Exonuclease resistant 18S and 25S ribosomal RNA components in yeast are possibly newly transcribed by RNA polymerase II
Abstract
Background: We’ve formerly reported 18S and 25S ribosomal RNA molecules in Candidiasis resistant against processive 5′ ? 3′ exonuclease, appearing as cells contacted stationary growth phase. Initial analysis pointed to extra phosphate(s) in their 5′- finish raising the chance that these were recently transcribed. Ideas set of additional experiments exploring this possibility and then try to establish which from the RNA polymerases might be transcribing them.

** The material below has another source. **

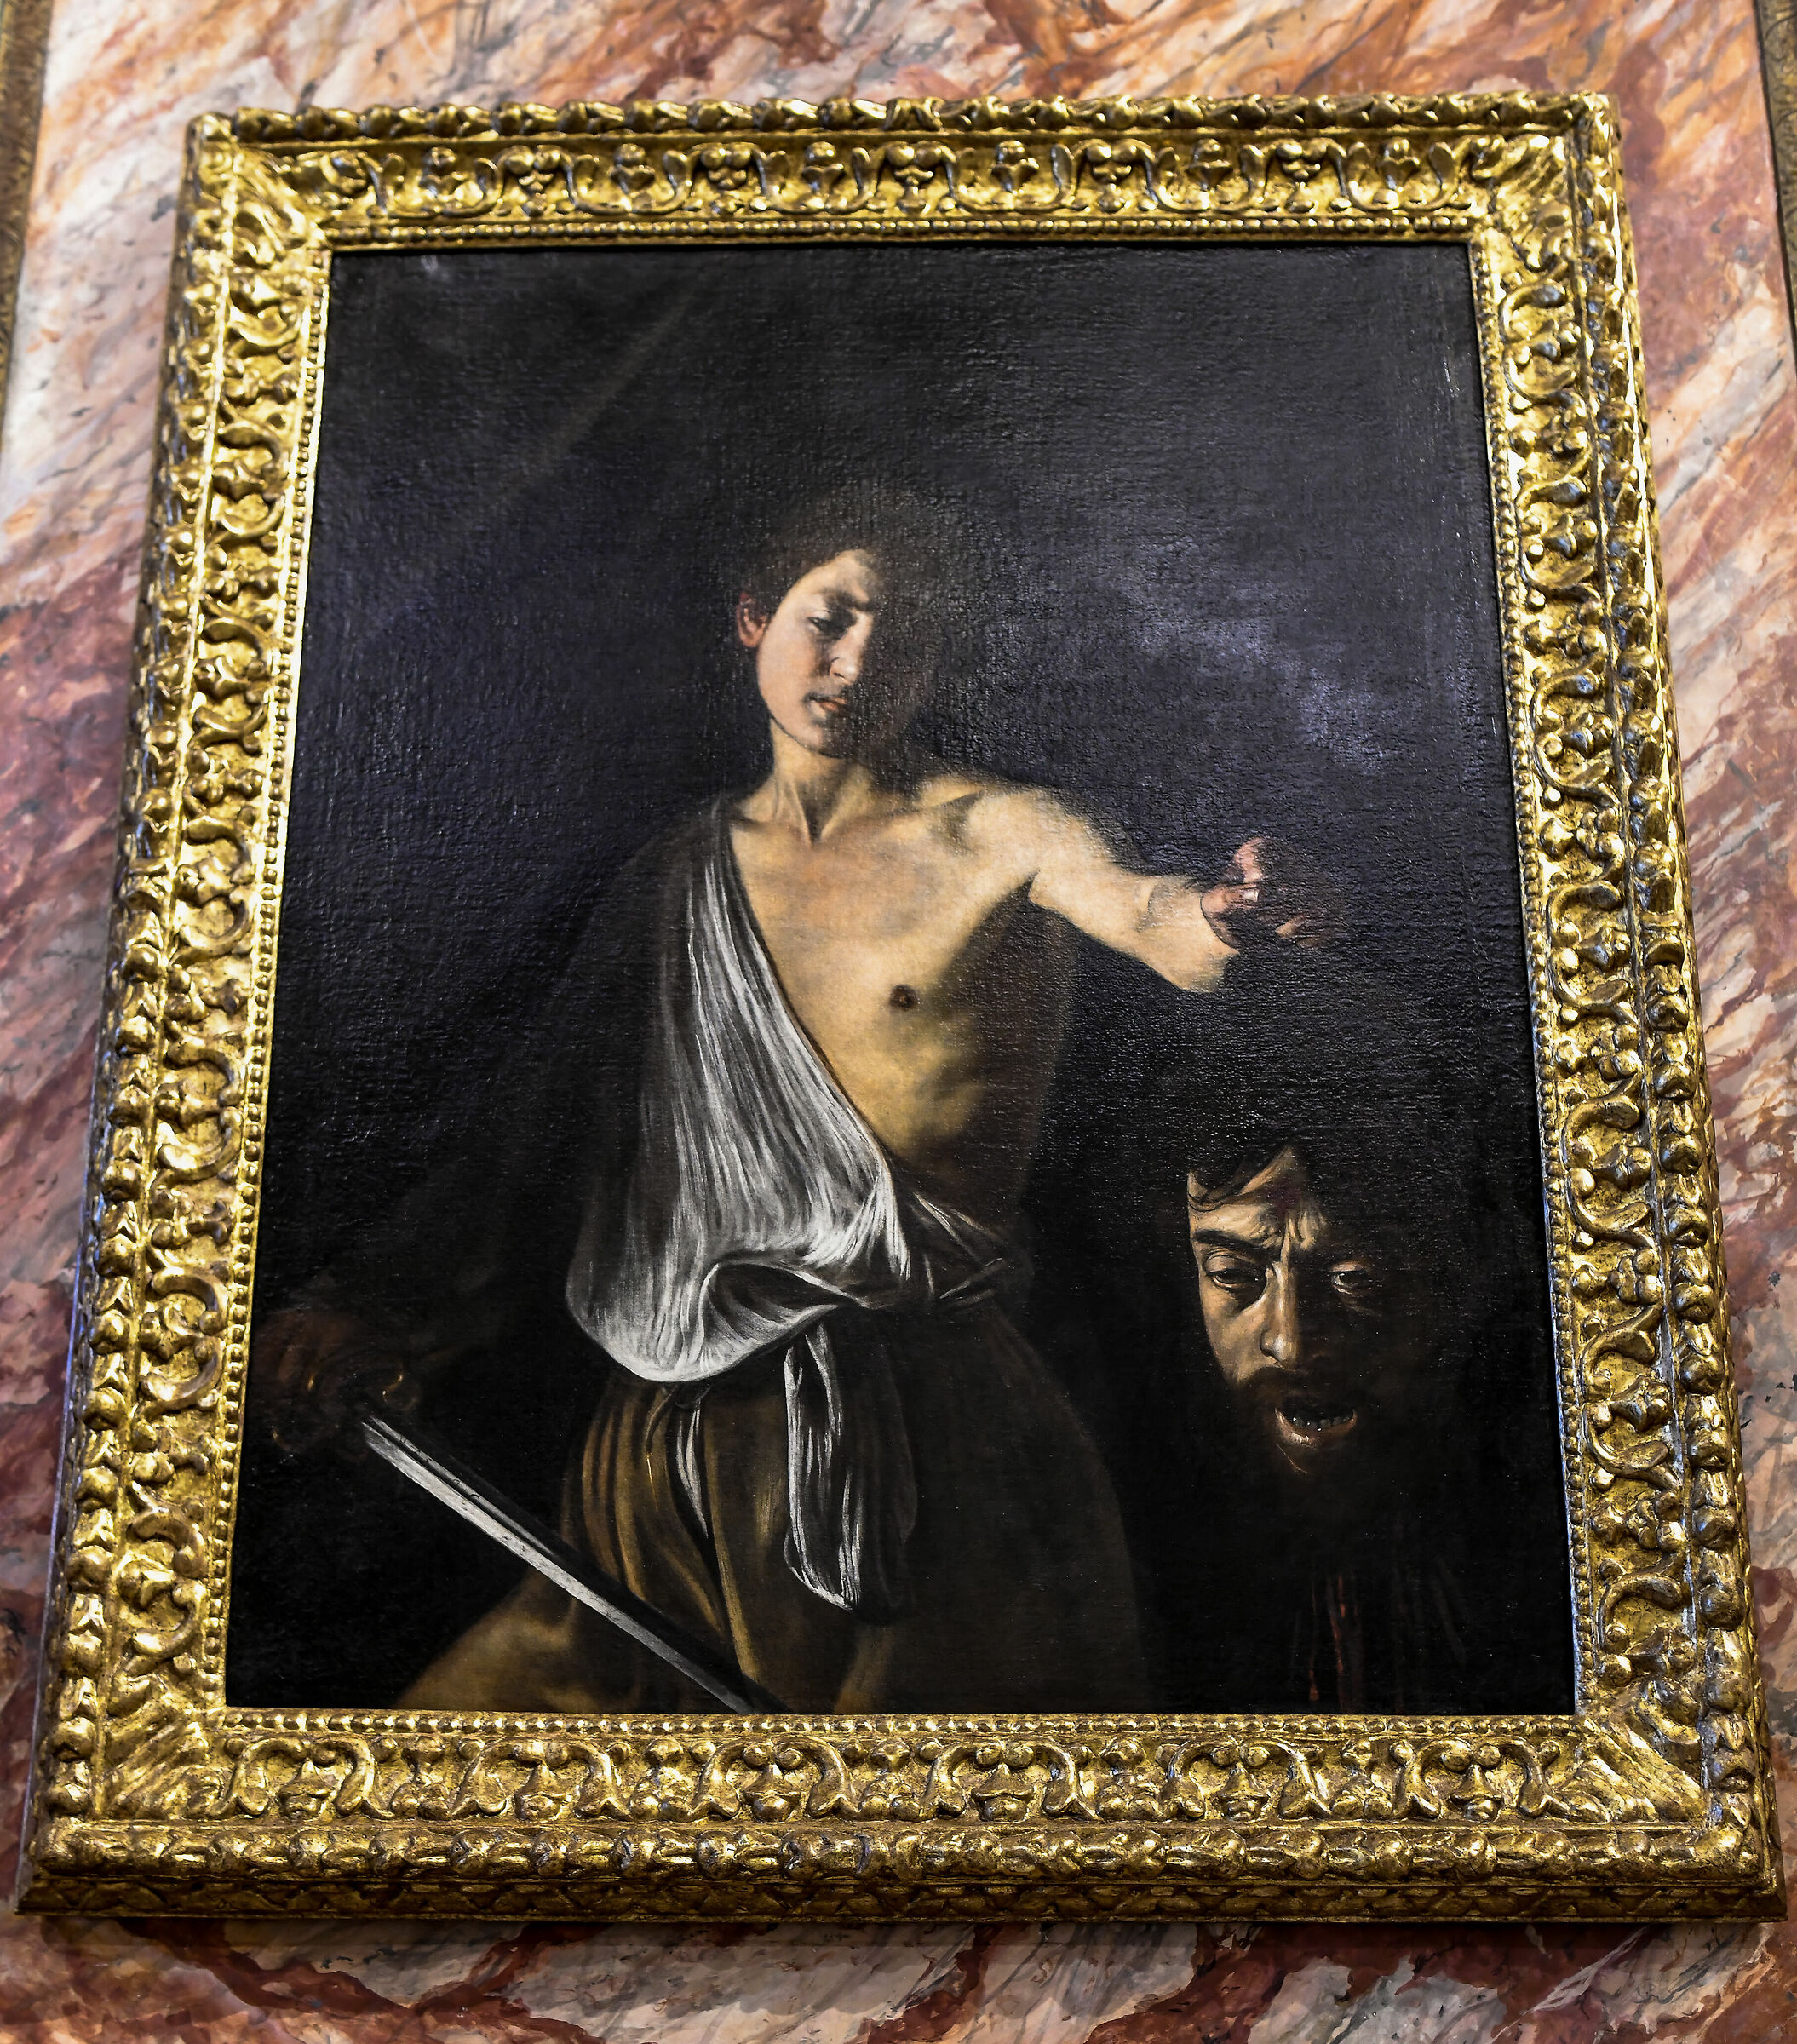 Borghese-Caravaggio Gallery,"David with Goliath's head...

Results: Oligo-ligation and primer extension again demonstrated the existence of extra phosphate in the 5′-finish from the reported processing sites for 18S and 25S ribosomal RNA components. Inhibition of Pol I with BMH-21 elevated the existence of the molecules. Quantitation by having an Agilent Bioanalyzer demonstrated that resistant 18S and 25S molecules are mainly created within the nucleus. Having an RNA cap specific antibody, an indication might be detected on these molecules via immunoblotting such signal might be eliminated by decapping reaction. Both cap specific antibody and eIF4E cap-binding protein, elevated fold enrichment upon quantitative amplification. Antibodies specific for that RNA Polymerase II c-terminal domain and TFIIB initiator factor demonstrated the existence of Pol II on DNA sequences for 18S and 25S molecules in chromatin precipitation and qPCR assays. Rapamycin inhibition of TOR complex also led to a rise of resistant 18S and 25S molecules.
Conclusions: These data raise the potential of a job for RNA Polymerase II in producing 18S and 25S molecules and indicate that efforts for additional direct proof might be useful. If for sure proven BMH-21 it’ll establish yet another role for RNA Polymerase II in ribosomal production.